_Activity_
With both ends included, repeat exactly the lines of the entries below from the one containing "Vue de l'intérieur" down to the one containing "Fauteuil bas salon", and no others.

─── Data for this task ───

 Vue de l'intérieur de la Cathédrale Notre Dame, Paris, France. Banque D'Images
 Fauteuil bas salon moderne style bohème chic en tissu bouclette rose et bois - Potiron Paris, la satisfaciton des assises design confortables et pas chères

───
─── Data for this task ───

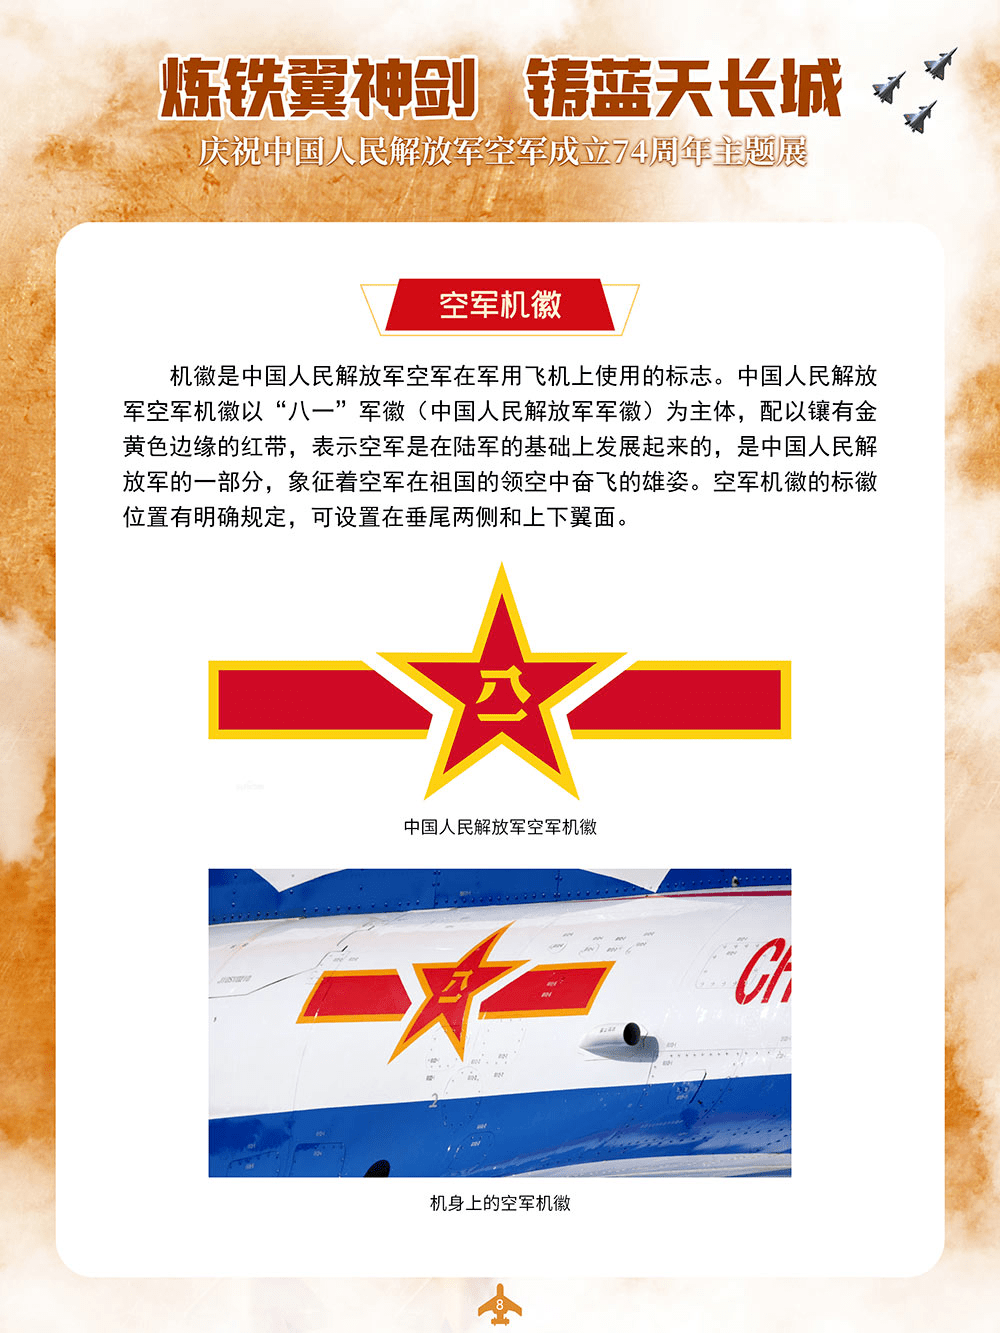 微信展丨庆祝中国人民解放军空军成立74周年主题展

───
─── Data for this task ───

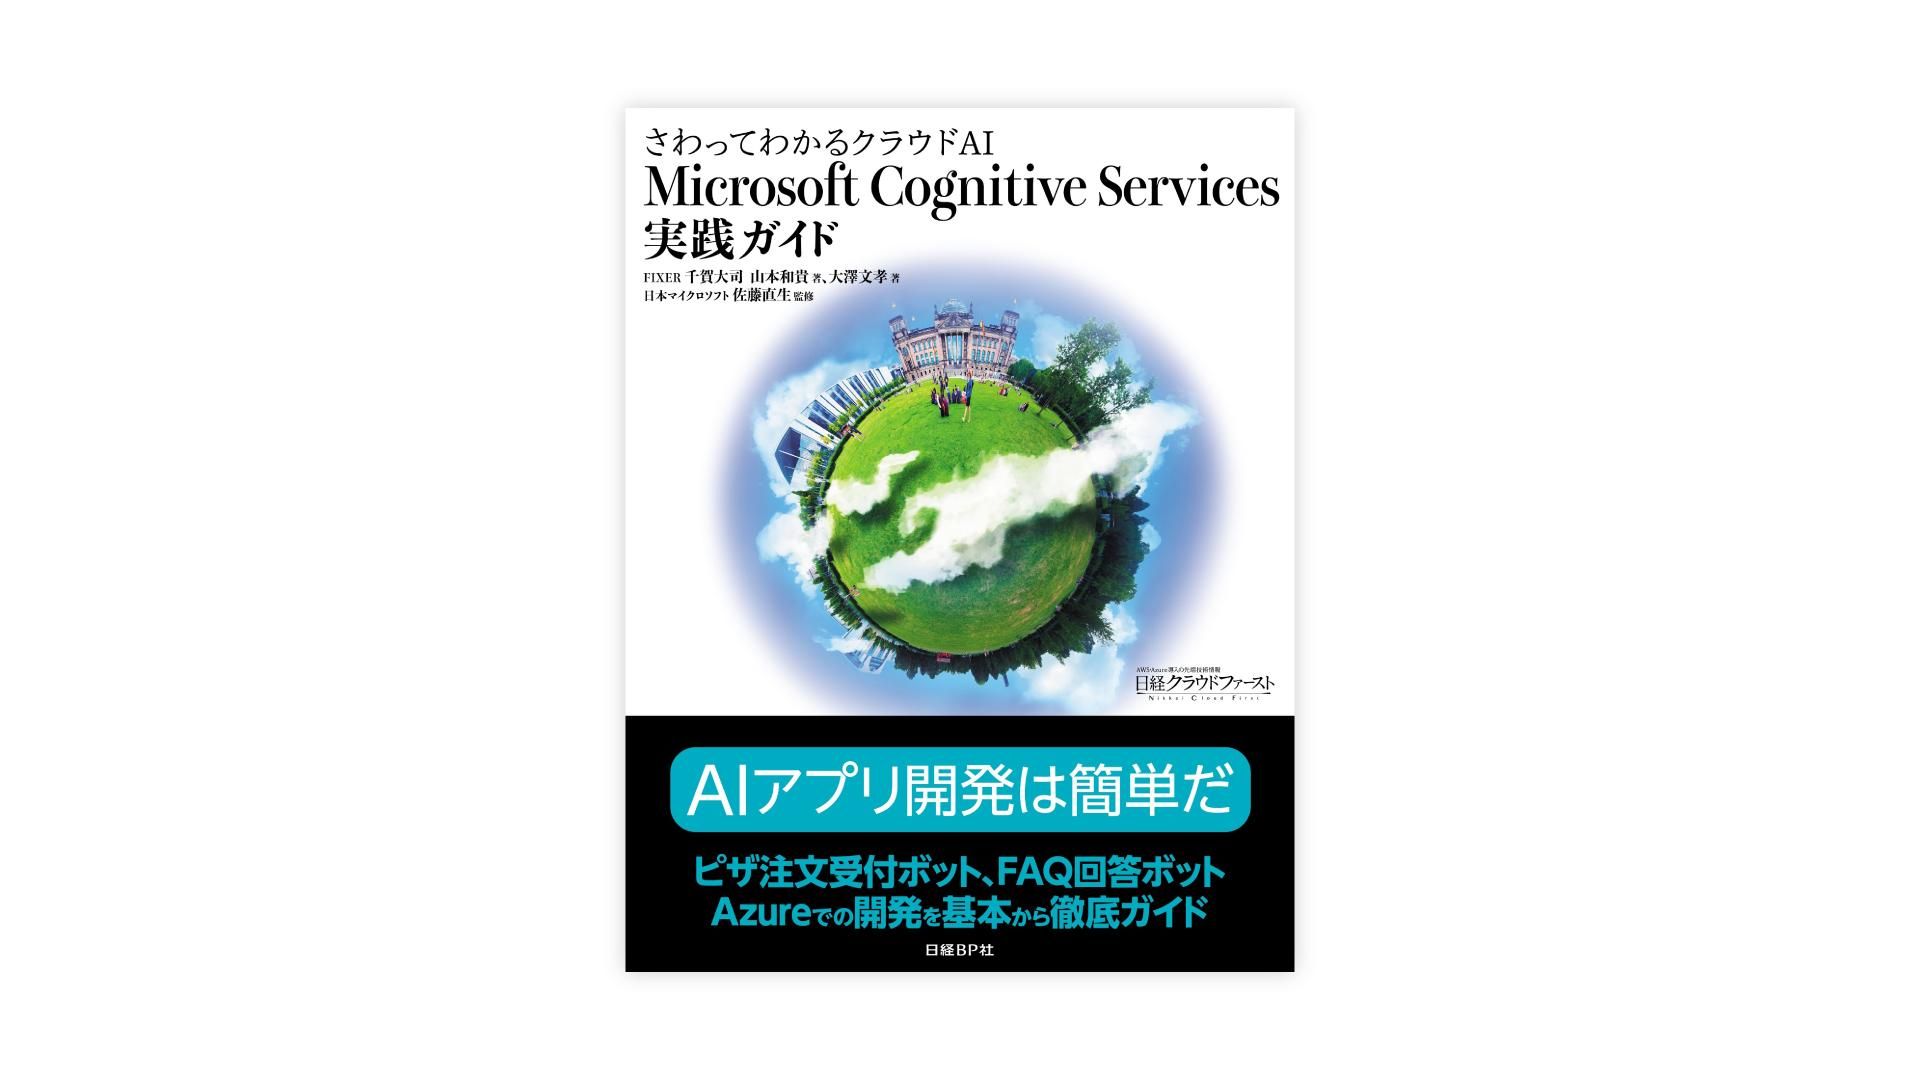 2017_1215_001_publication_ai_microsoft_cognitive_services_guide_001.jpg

───

_Finished exercise_
 Vue de l'intérieur de la Cathédrale Notre Dame, Paris, France. Banque D'Images
 Fauteuil bas salon moderne style bohème chic en tissu bouclette rose et bois - Potiron Paris, la satisfaciton des assises design confortables et pas chères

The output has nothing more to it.